Turkey, where many ISIS members came from, claims the SDF are “terrorists.” It often bombs Sinjar, the same area where the genocide took place, killing Yazidi survivors who Ankara claims are members of the “PKK,” the Kurdish Worker’s Party, which Turkey views as a terrorist group.
Ankara’s real goal may be to make sure Yazidis never return, Turkey has often threatened a military operation to occupy Sinjar the way it did in Afrin in northwest Syria, a Kurdish area it ethnically cleansed in 2018.
IRAQ HAS attempted to mark the genocide and care for the victims and also memorialize them. UNITAD, the UN Investigative Team to Promote Accountability for Crimes Committed by Daesh in Iraq, has helped identify the remains. An official ceremony took place in Baghdad prior to the remains being moved to Kocho.
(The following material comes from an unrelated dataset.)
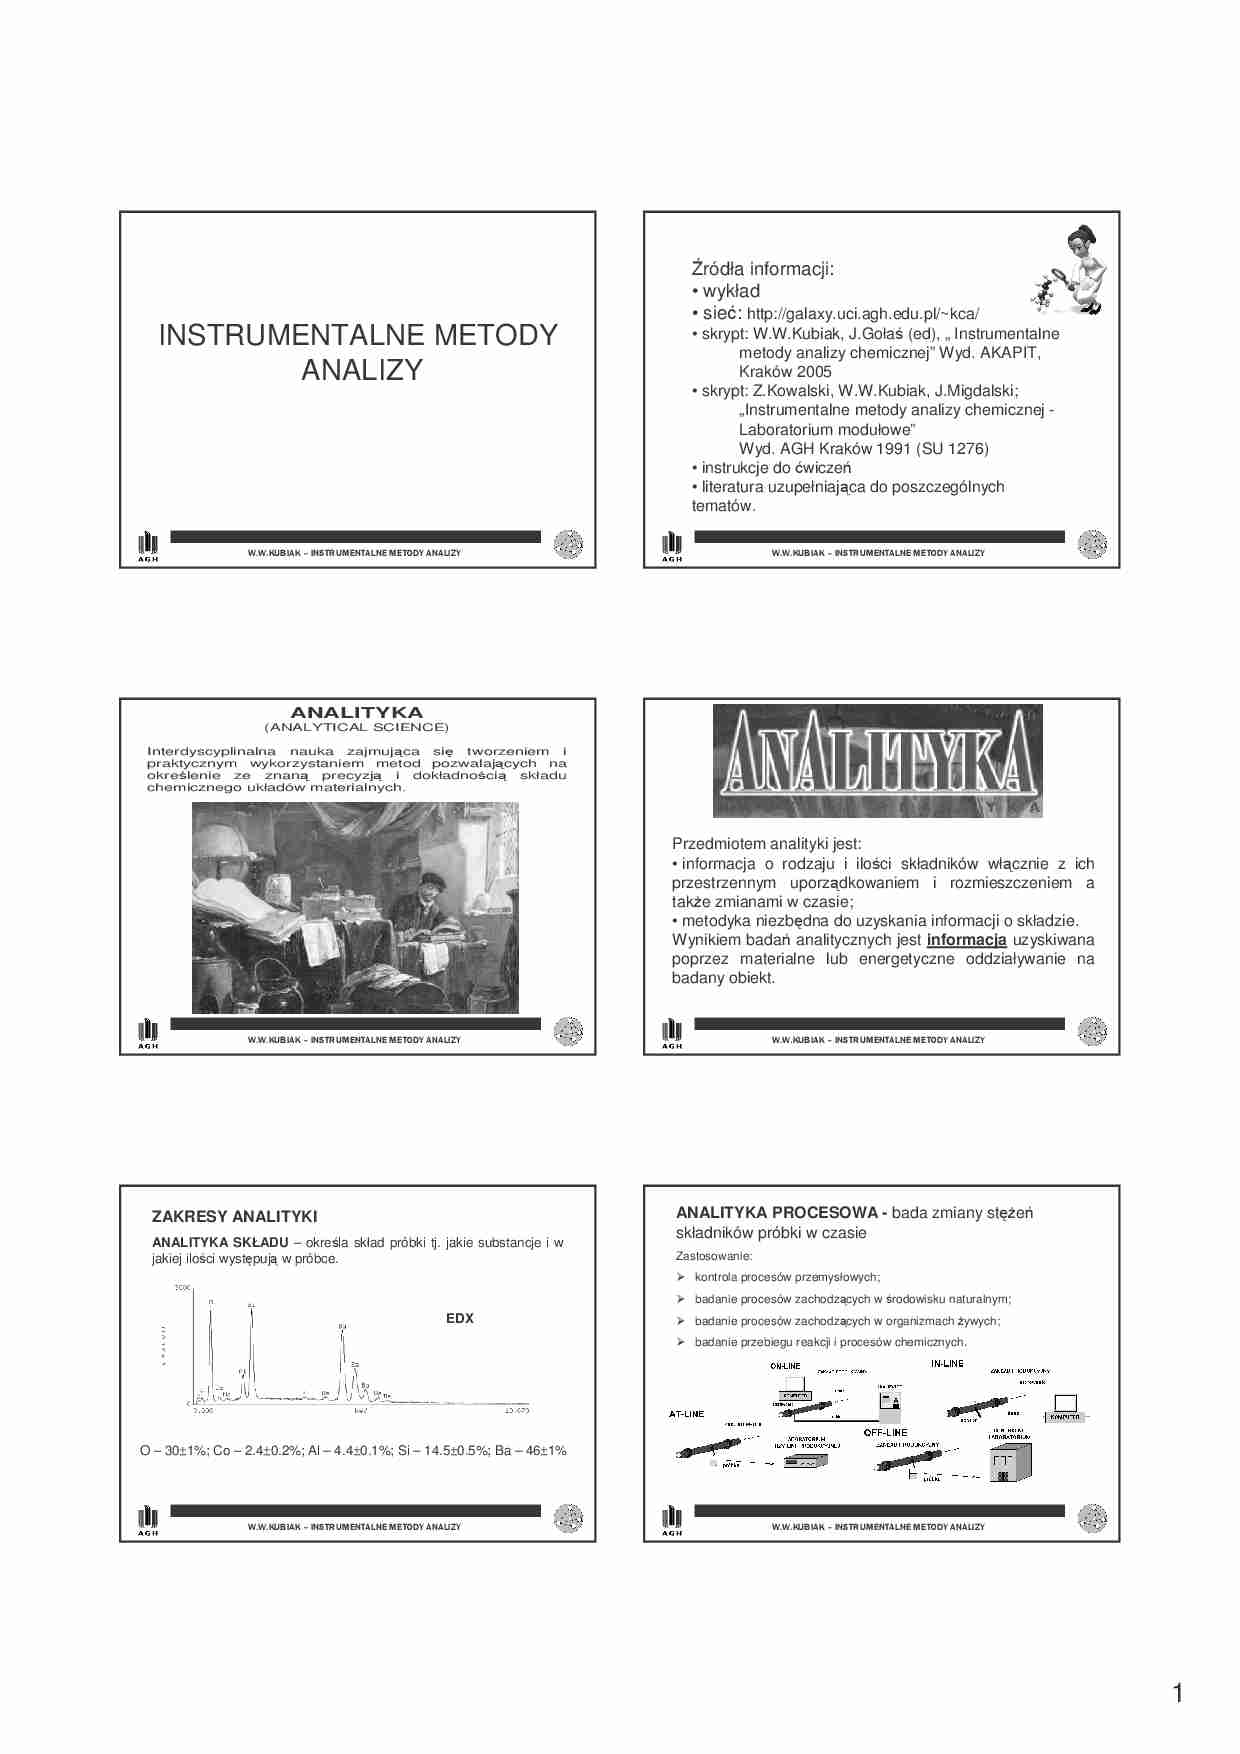 Instrumentalne metody analizy - omówienie - Analityka strukturalna - strona 1
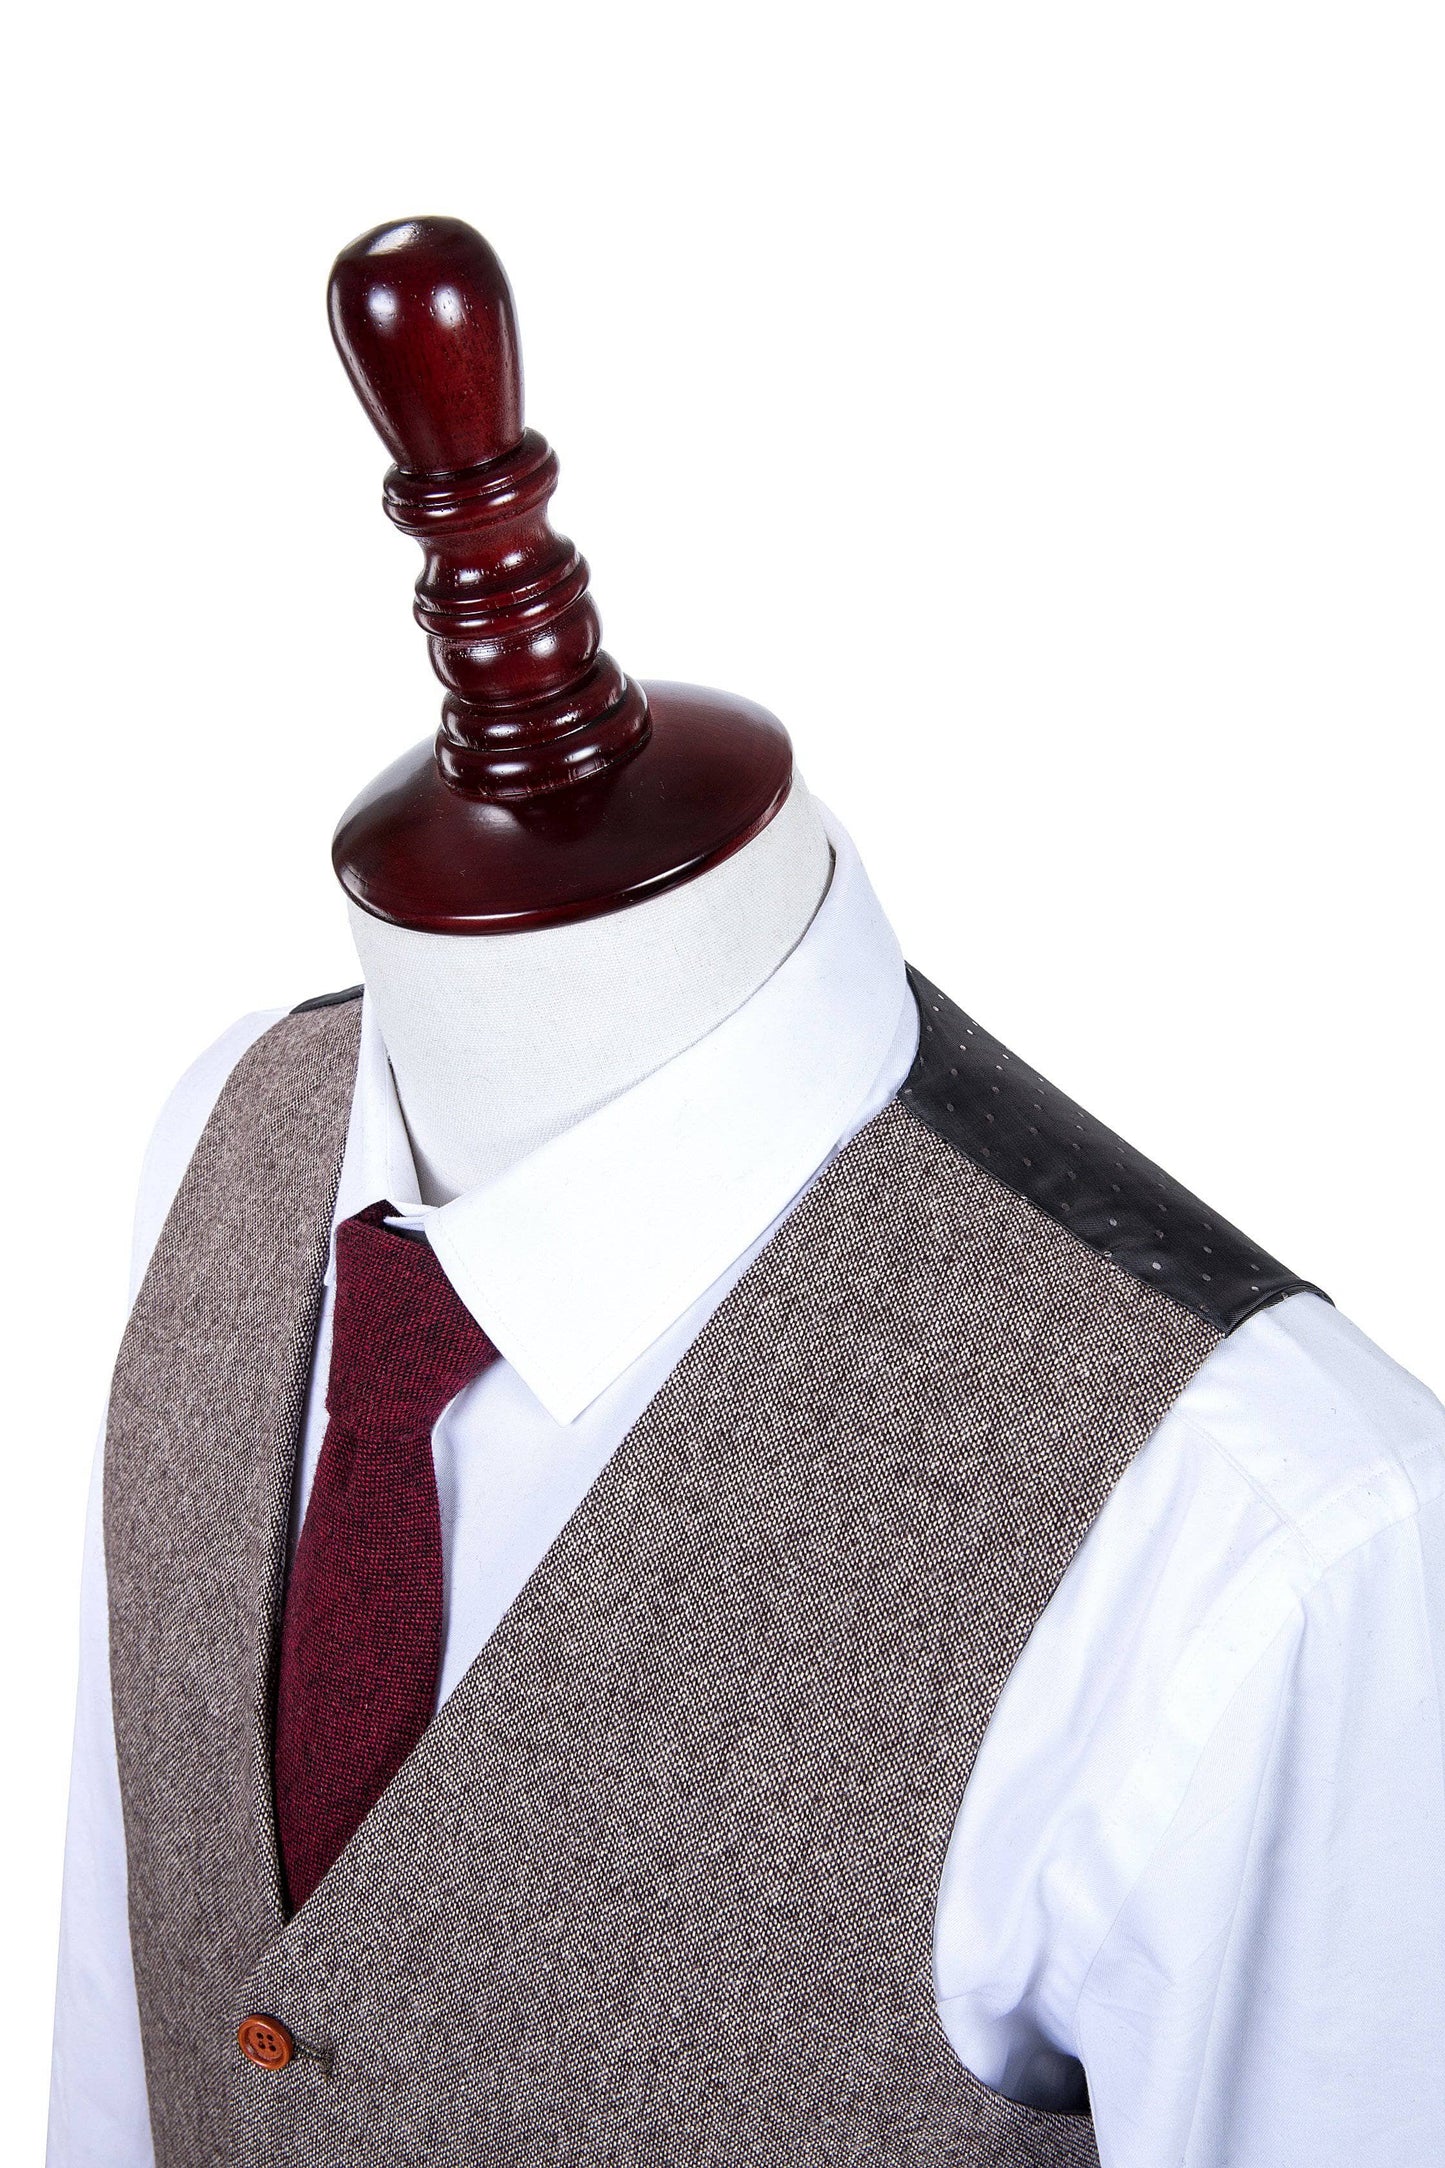 Classic Brown Barleycorn Tweed Suit

According to reports, some 17 mass graves have been exhumed. There are more than 30 in Iraq holding the bodies of thousands of people. A representative of the Yazidi community of Armenia attended the Baghdad ceremony. Like Jews and Yazidis, Armenians were subjected to genocide.
In 2015, I went to northern Iraq and traveled to the Yazidi region of Sinjar when some of the first mass graves had been discovered. At the time, the remains of the genocide were visible, including clothing discarded by people who fled ISIS.
The mass graves were not well protected, and the remains were harmed by the elements, leaving body parts, pieces of clothing and ID cards of the victims strewn about. There was almost no support to help document the remains in the first years after the mass graves were discovered.
Some work to identify victims increased in 2018. When I went to Dohuk, in Iraqi Kurdistan, in 2019, there were still thousands of people missing, and their files needed more financial investment to be digitized and thoroughly investigated. Survivors were still living in tents.
With limited resources and support, some exhuming of graves happened in 2020, and DNA testing is taking place. The result is the beginning of the burials and identification of victims more than six years after the genocide.